Remarquez le motif : Aldébaran et Antarès, situées l'une en face de l'autre de part et d'autre du ciel, étaient liées aux deux équinoxes, tandis que Régulus et Fomalhaut étaient liées aux deux solstices.
La précession les a déplacées
Il importe d'être précis sur la chronologie. L'alignement des quatre étoiles royales avec les points d'équinoxe et de solstice était proche vers 3000 av. J.-C., et non aujourd'hui. La lente oscillation de l'axe terrestre, appelée précession, a progressivement éloigné ces étoiles de ces points au fil des millénaires écoulés.

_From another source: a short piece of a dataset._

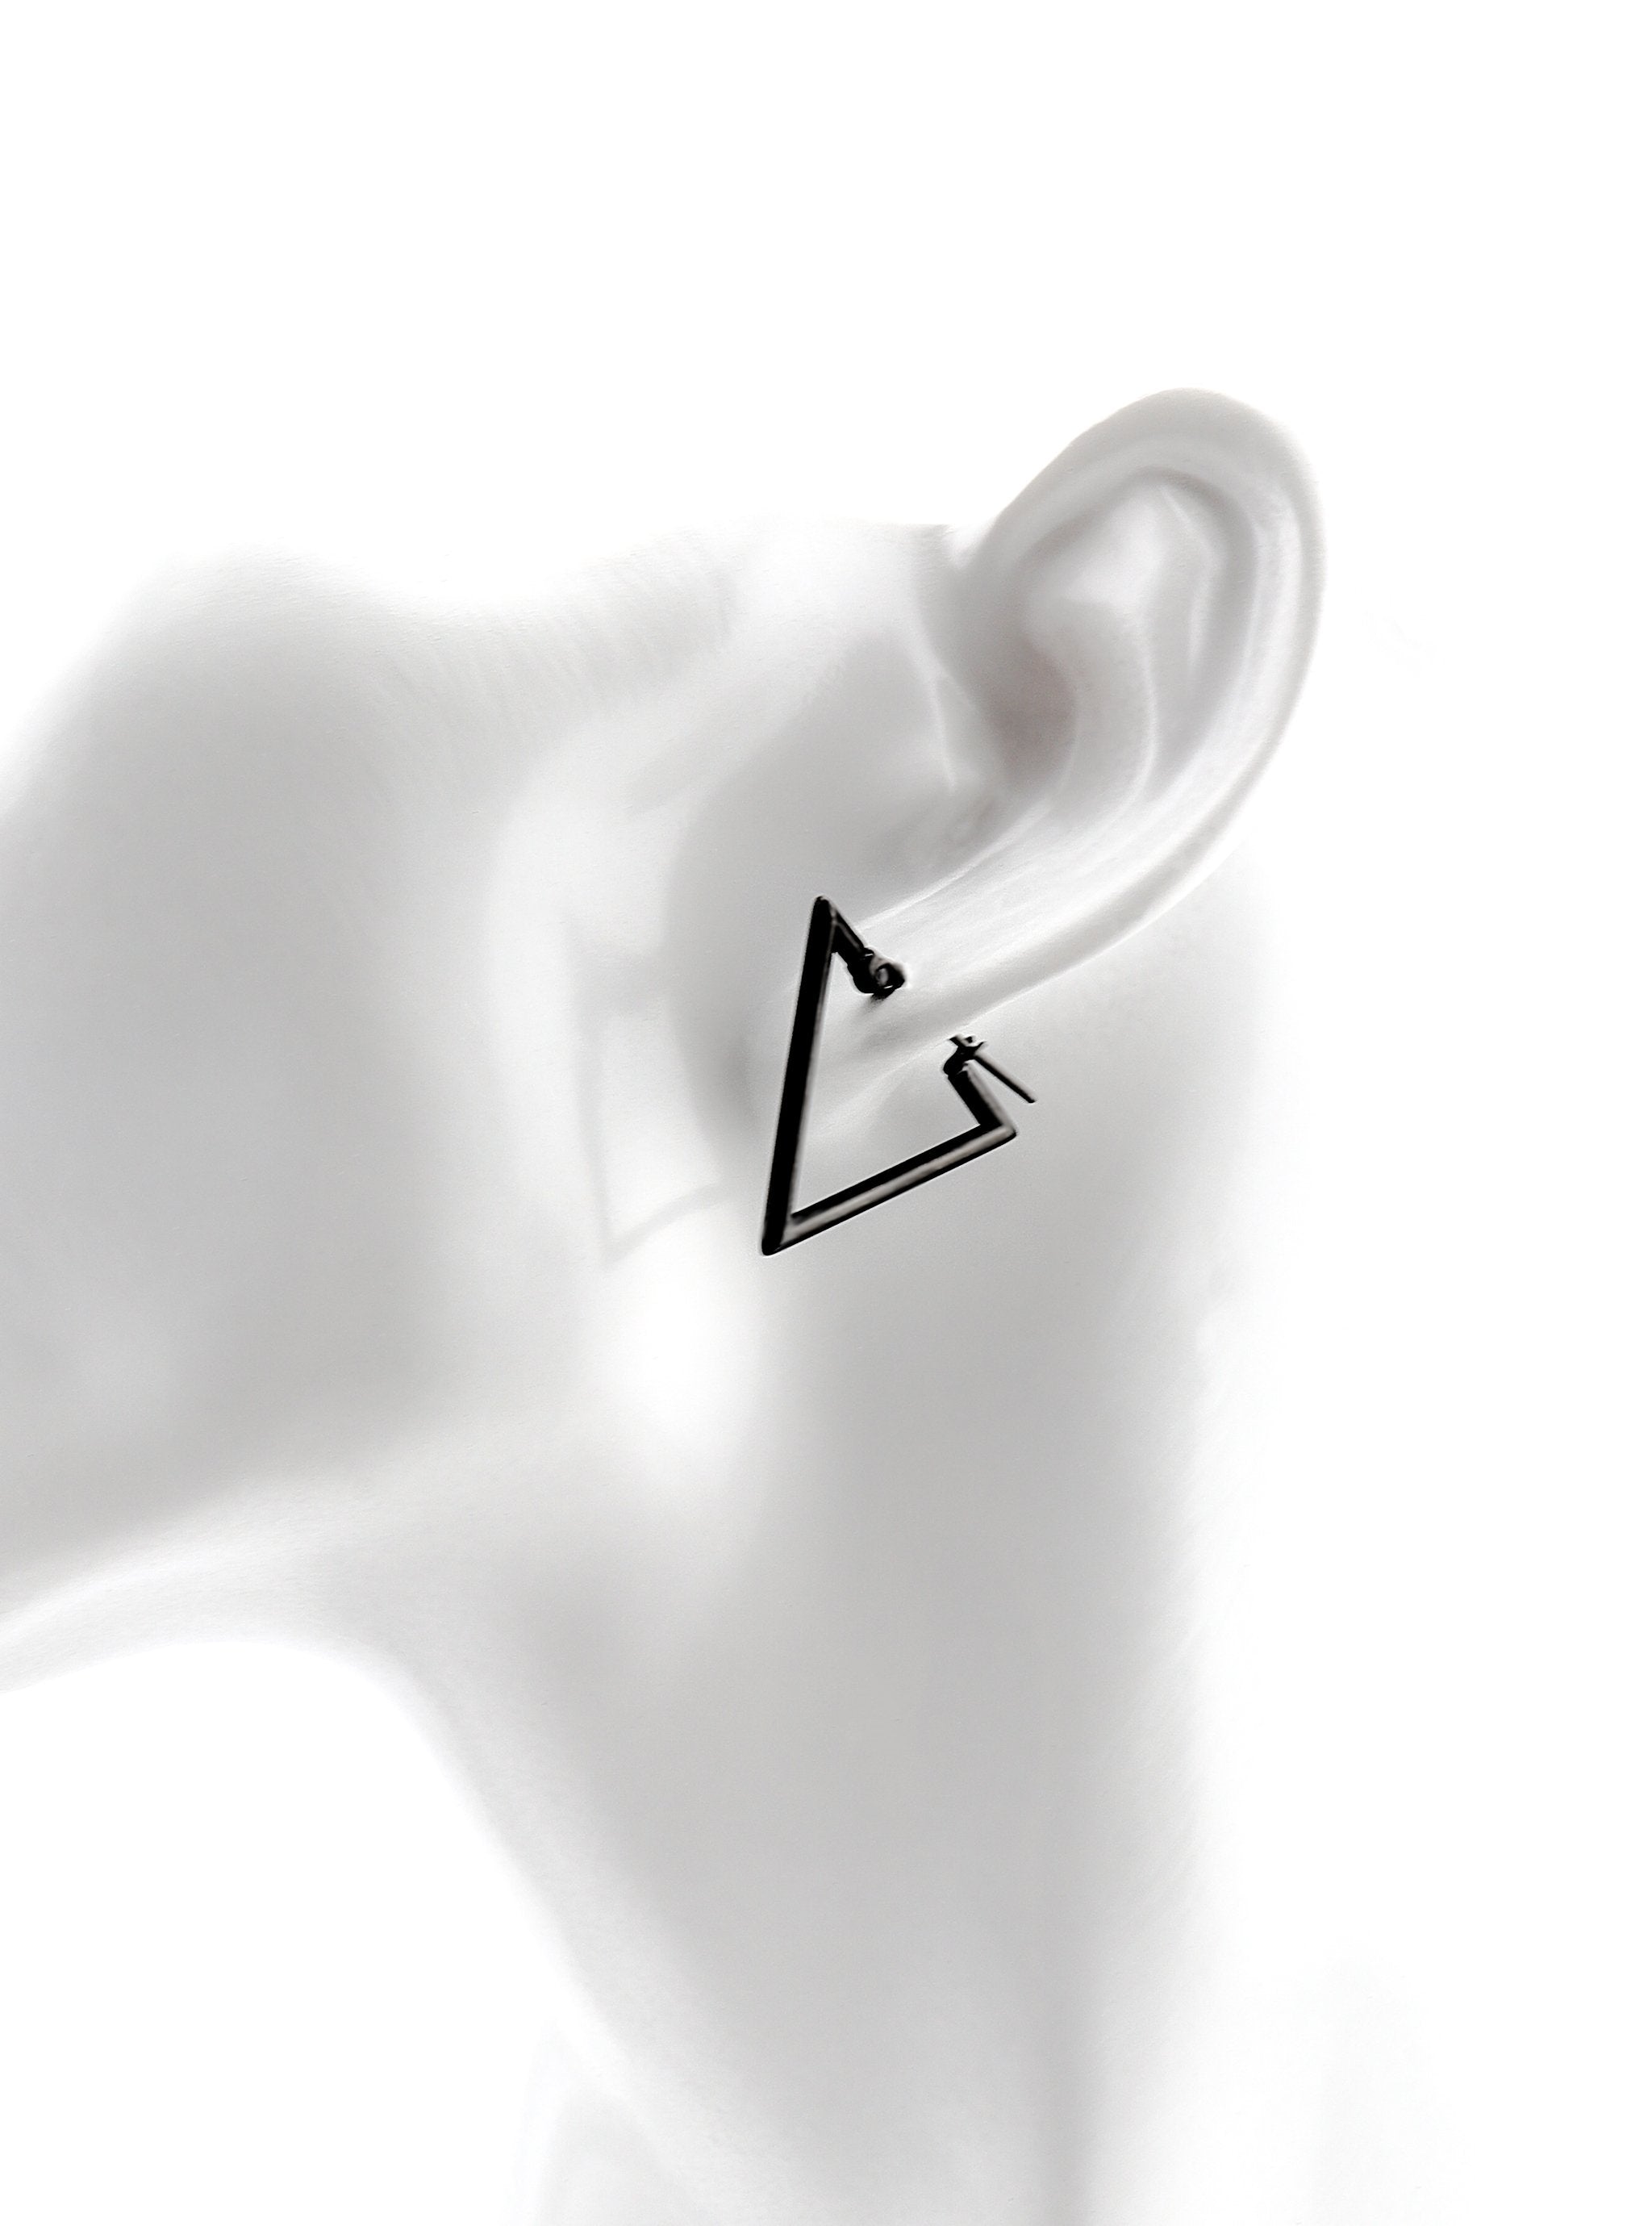 AERO EARRINGS - Simplique Mode

Ainsi, les titres de Veilleuse de l'Est, du Nord, de l'Ouest et du Sud sont des désignations traditionnelles et archétypales plutôt que des descriptions littérales de la position actuelle de ces étoiles par rapport aux saisons. Ils nomment un rôle que les étoiles ont jadis tenu dans le ciel antique, un rôle que la tradition a préservé comme partie intégrante de leur sens.
Comment AstroAk les lit
AstroAk traite plusieurs de ces étoiles individuellement, et les quatre étoiles royales constituent le cadre unificateur qui les relie entre elles, Fomalhaut complétant l'ensemble des quatre. Chaque étoile porte son propre caractère classique, mais vues ensemble elles forment une seule structure symbolique : quatre gardiennes divisant le ciel en directions et en saisons.
Si vous souhaitez savoir si l'une de ces étoiles touche vos propres positions, vous pouvez établir un thème natal gratuit précis et vérifier quelles planètes ou quels angles tombent près de chaque Veilleuse. Comme toujours, il s'agit d'un langage symbolique et traditionnel pour lire un thème, et non d'une divination ou d'une prédiction.
Foire aux questions
Quelles sont les quatre étoiles royales ?
Ce sont quatre étoiles fixes brillantes, Aldébaran, Régulus, Antarès et Fomalhaut, que les anciennes traditions babylonienne et perse considéraient comme les Veilleuses des cieux, gardiennes des quatre directions cardinales et des quatre saisons.
Pourquoi les appelle-t-on les Veilleuses des cieux ?
Dans le récit traditionnel, vers 3000 av. J.-C., chaque étoile se trouvait près de l'un des points charnières de l'année, un équinoxe ou un solstice, de sorte que chacune était perçue comme gardant un coin du ciel : Aldébaran l'Est, Régulus le Nord, Antarès l'Ouest et Fomalhaut le Sud.
Les quatre étoiles royales marquent-elles encore les saisons aujourd'hui ?
Non. Leur alignement avec les points d'équinoxe et de solstice était proche vers 3000 av. J.-C., et la précession les a depuis écartées de ces points. Les titres de « Veilleuse » subsistent comme des désignations traditionnelles et archétypales plutôt que comme des faits astronomiques littéraux aujourd'hui.